18 Feb

Supply Chain Planning – 5 Levels of Time Horizon and Complexity Hierarchy

There are multiple levels of supply chain planning within an organisation, as well as numerous functional divisions. Most businesses formally revise their profit plans at least once a year. The 5 levels of Supply Chain Planning Horizon acknowledge that planning is a continuous process that occurs at various levels and times depending on resource availability. All of the functional plans must also work together to ensure that they mesh and support the overarching strategy and objectives of the organisation.

To support the long-term plan, it is crucial to have a plan with several time frames (time-phased plans) that work together. Each time-phase also results in a shift in complexity. The diagram below illustrates how the five levels of supply chain planning work together, along with how frequently they are reviewed and how sophisticated their organisational structure is, from Low to High.

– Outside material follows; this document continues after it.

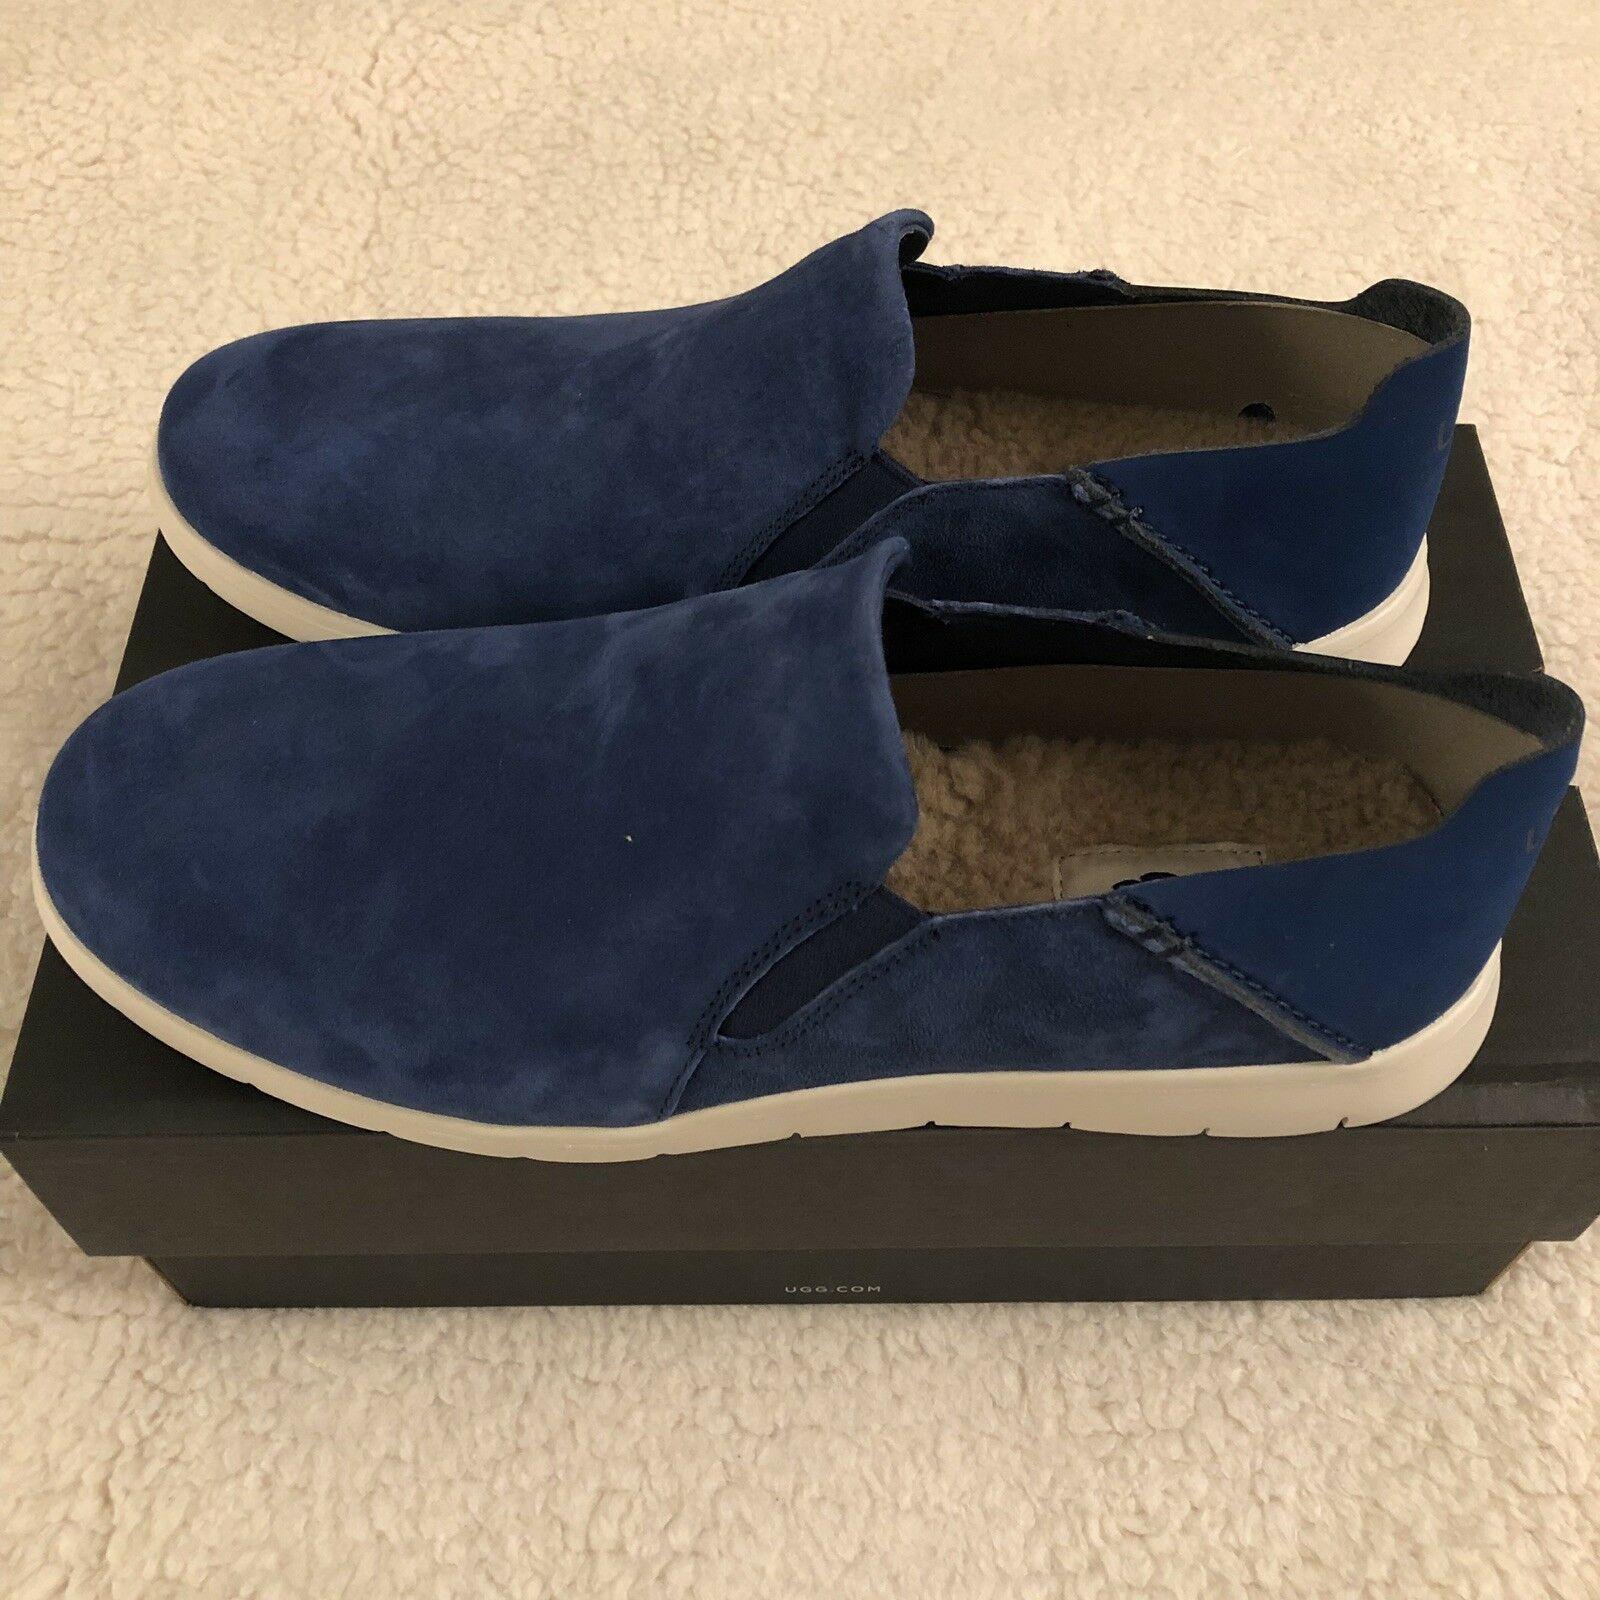 NEW UGG Men's Knox Suede Slip On Sneaker, Sizes 9, 11  Blue, MSRP $100 image 7

Organisations typically use a range of names to describe the different planning levels. In this blog, I’ll briefly go over the components of the supply chain planning building block that make up a typical organization’s profit plan, sales inventory & operations planning (SIOP), master plan, material planning (Mat. Plan), and factory planning or line scheduling.

Supply Chain Planning Horizon/Review Frequency


Supply Chain Planning


Profit Forecast, Annual/Quarterly


The Profit Plan, which is the highest degree of supply chain planning and also has the longest duration, is evaluated quarterly and is often extended over a period of 12 months. Financial planning is based on the profit plan. You might foresee the requirement for greater investment in receivables, inventory, the introduction of new products, headcounts, capital investments, or facilities using the information generated from the profit plan.


The profit plan takes into account an organization’s goals, general service needs, and management’s plans for achieving the organization’s vision. The process is complicated by the fact that these plans frequently involve cross-functional teams.This phase of supply chain planning outlines the anticipated effects of supply chain activities on the company’s revenues, costs, and working capital.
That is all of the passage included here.